> _Collected material_
+++++

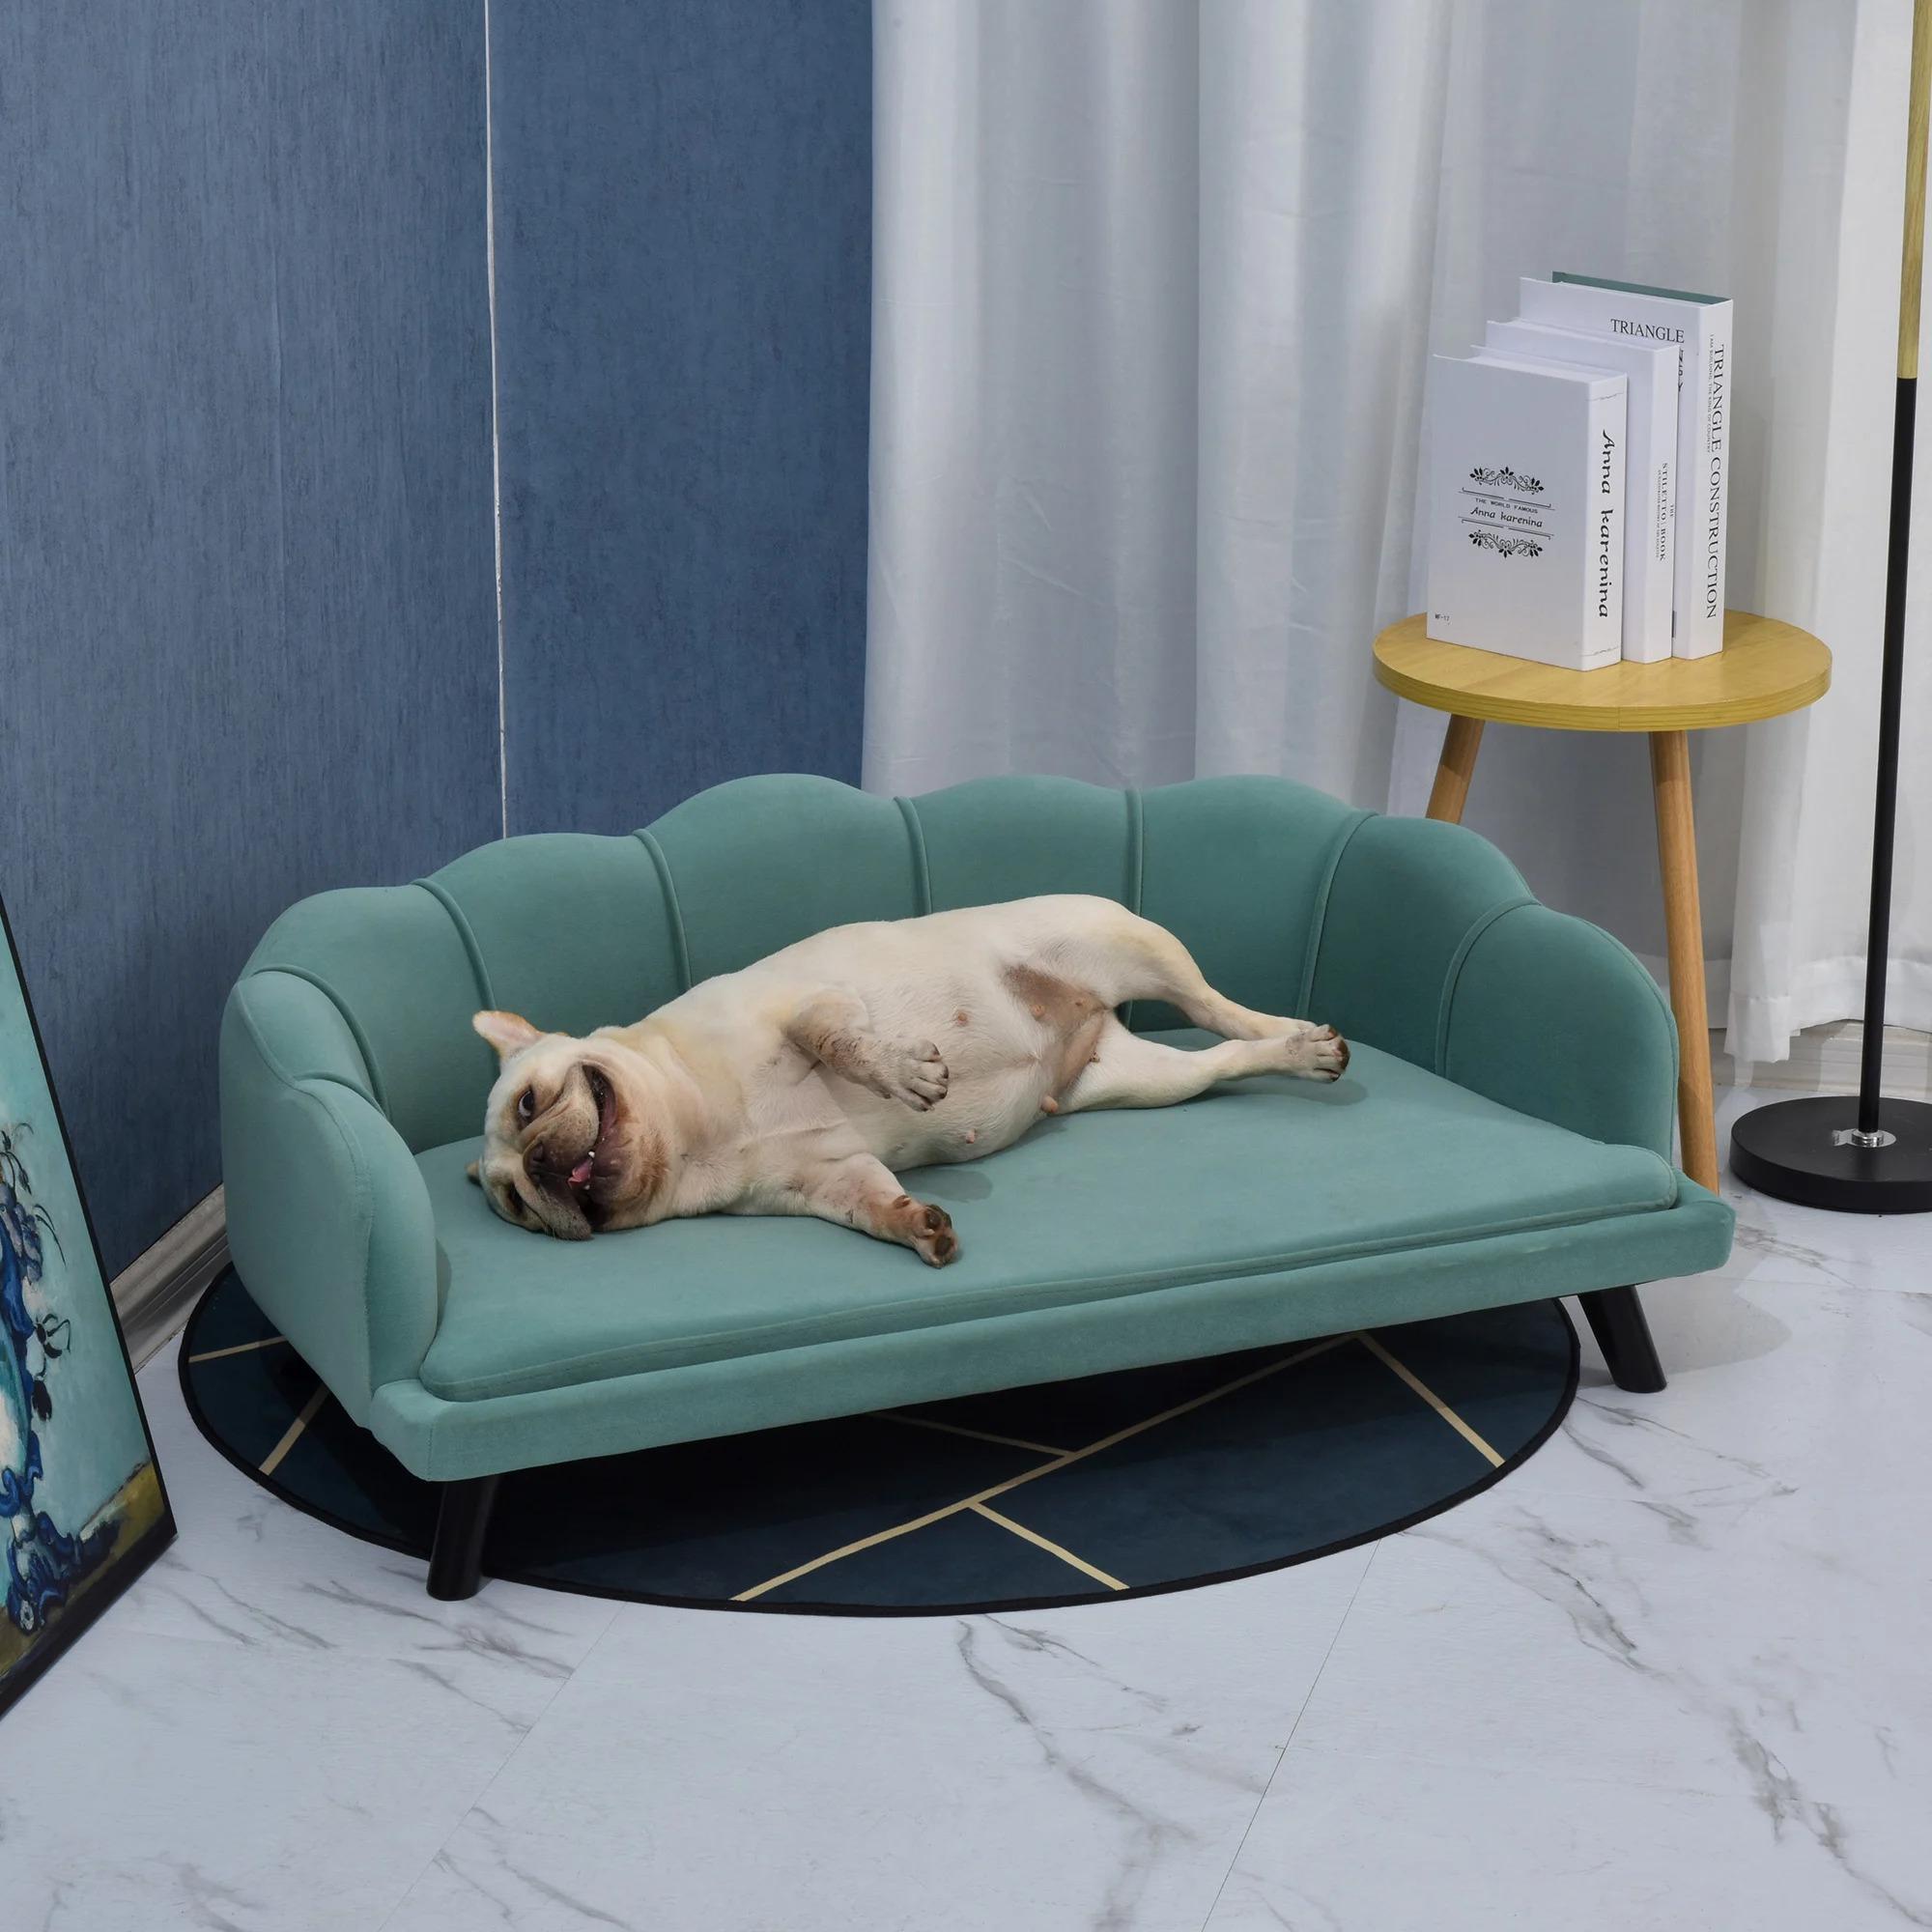 Hundesofa mit weichem Bezug Hundebett grün
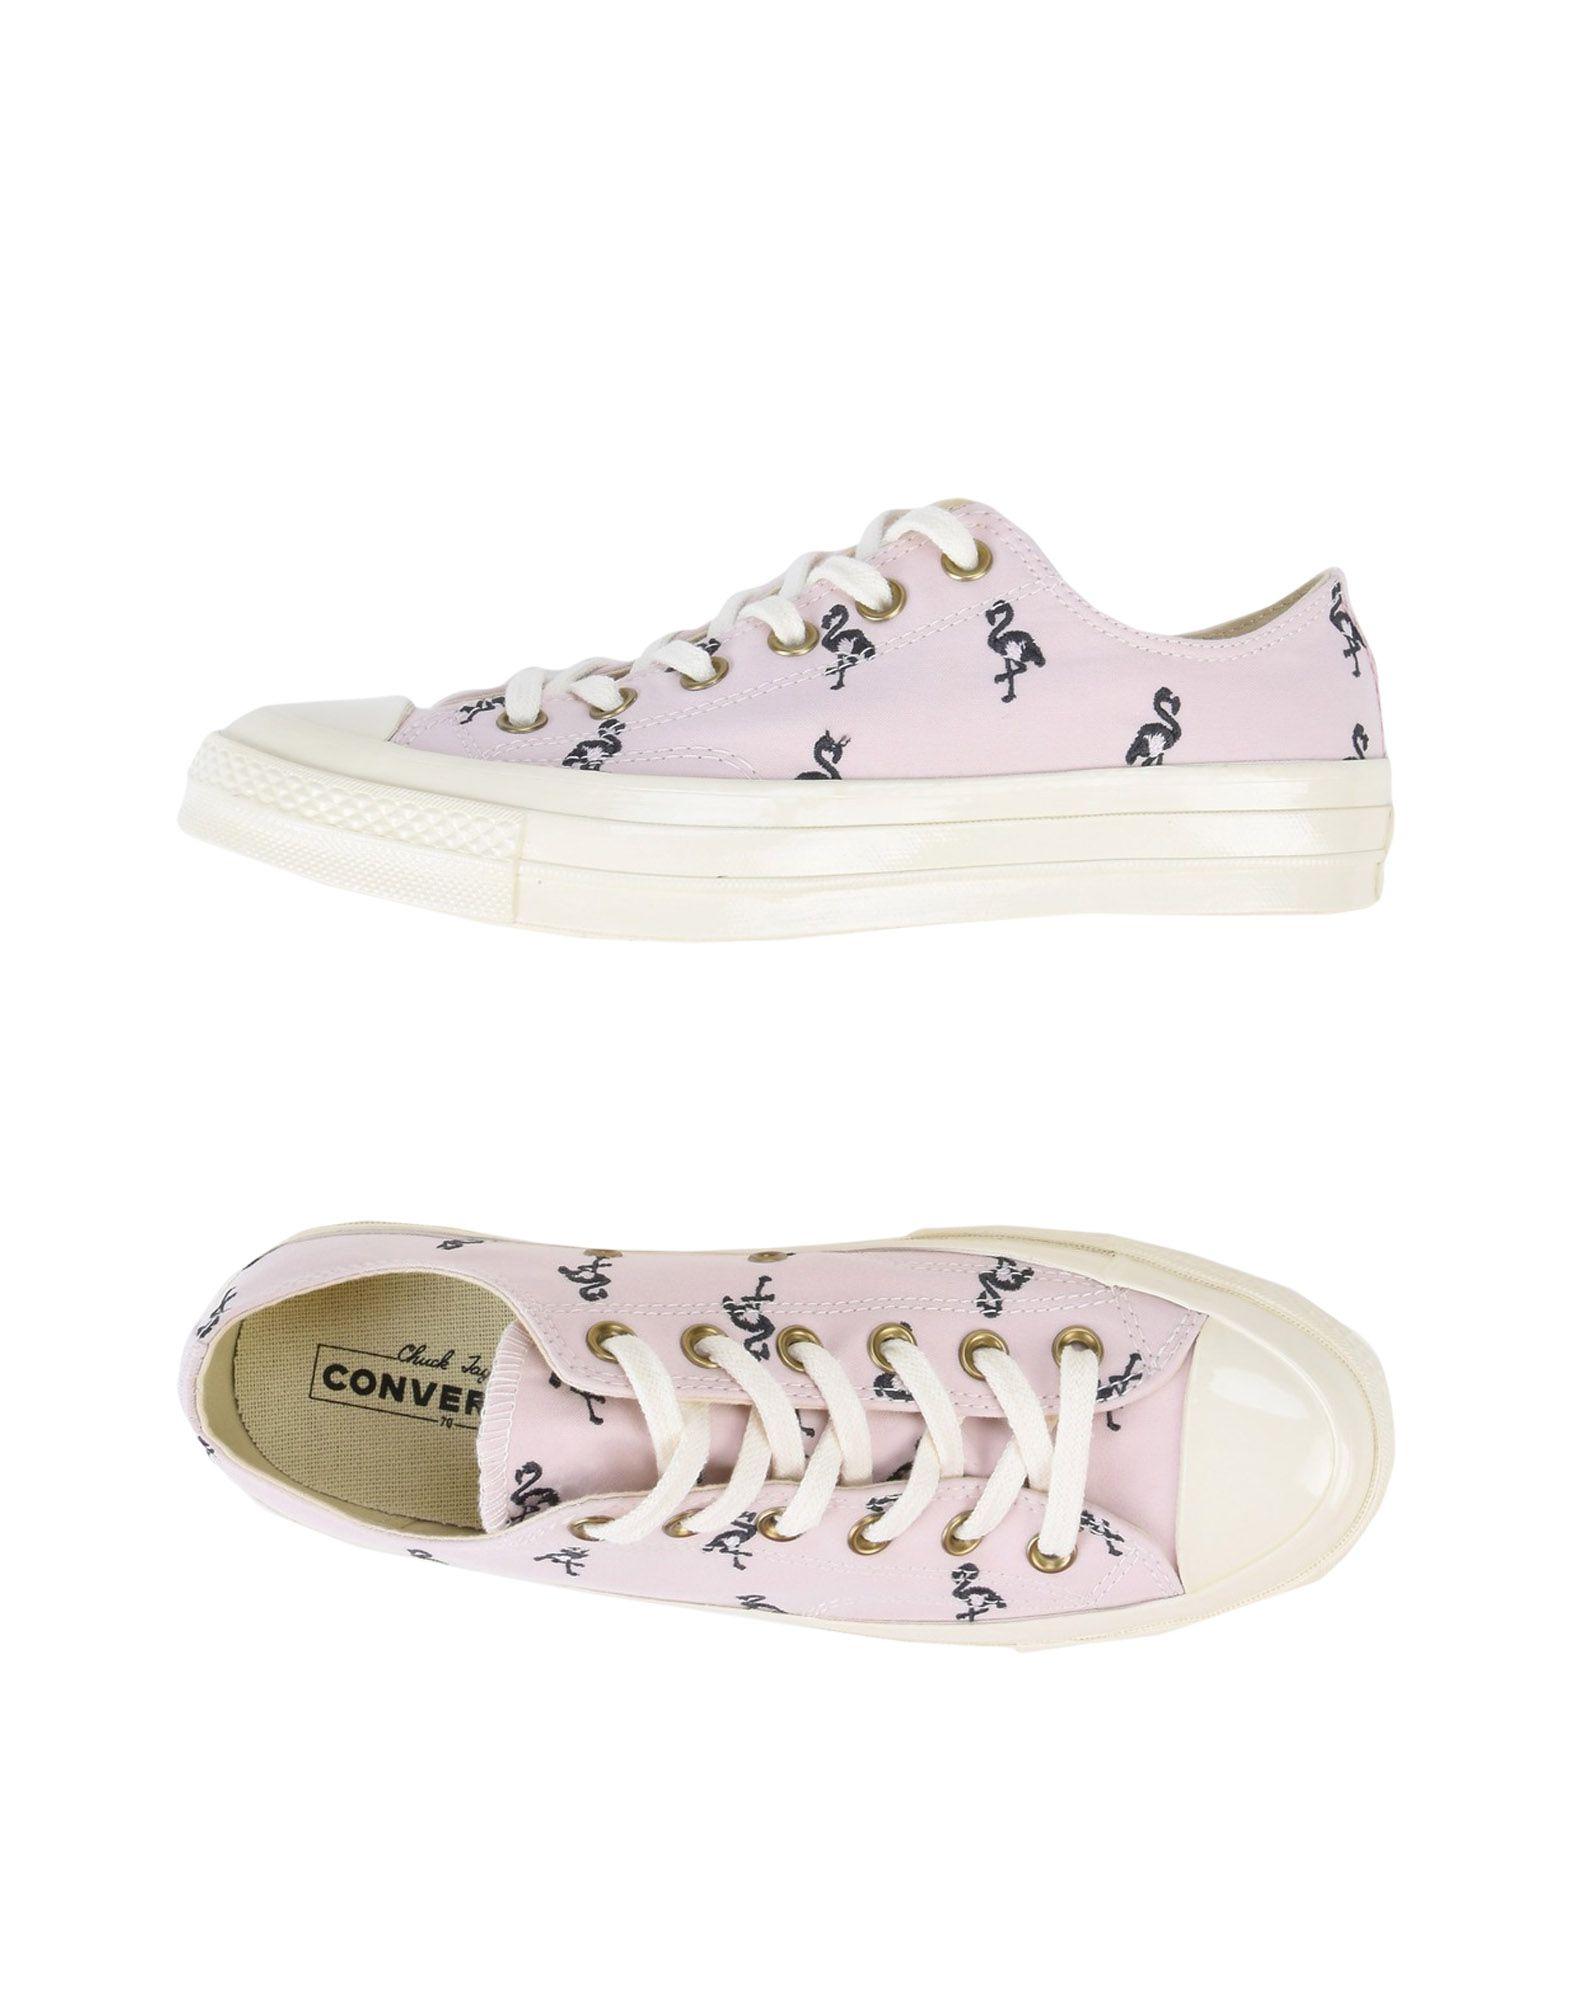 Converse All Star Chuck Taylor All Star 70 Ox Textile Qualität Prep Embroidery 11512282KV Gute Qualität Textile beliebte Schuhe ca26ae
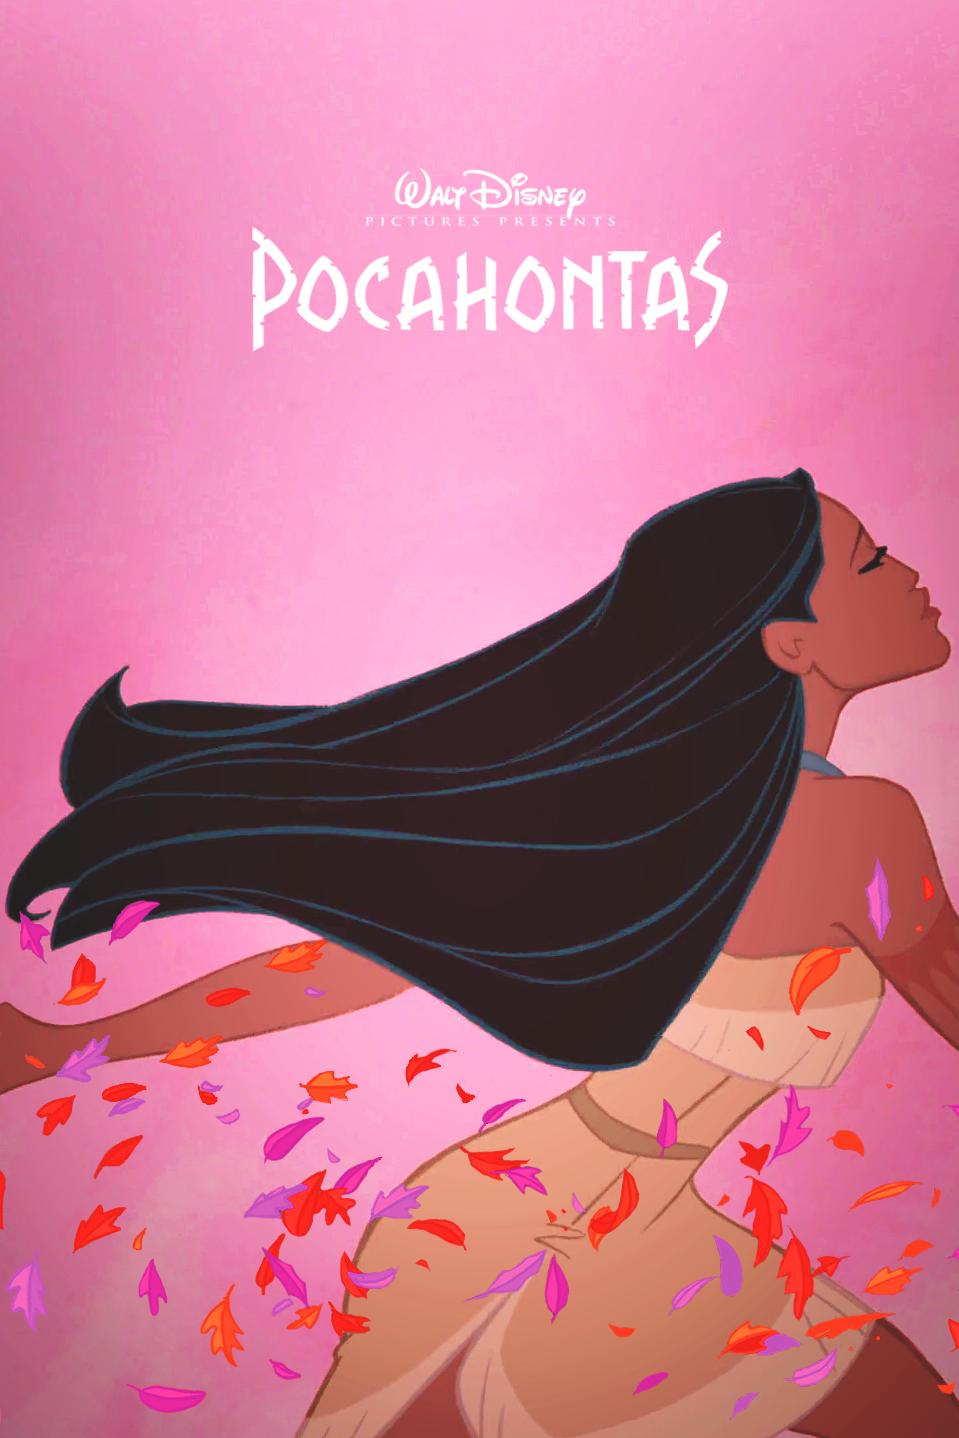 Pocahontas Fanmade poster

+++++

> _Work request_
Every line above is to be duplicated exactly; no picture should be carried over.

> _Result of the exercise_
 Hundesofa mit weichem Bezug Hundebett grün
 Converse All Star Chuck Taylor All Star 70 Ox Textile Qualität Prep Embroidery 11512282KV Gute Qualität Textile beliebte Schuhe ca26ae
 Pocahontas Fanmade poster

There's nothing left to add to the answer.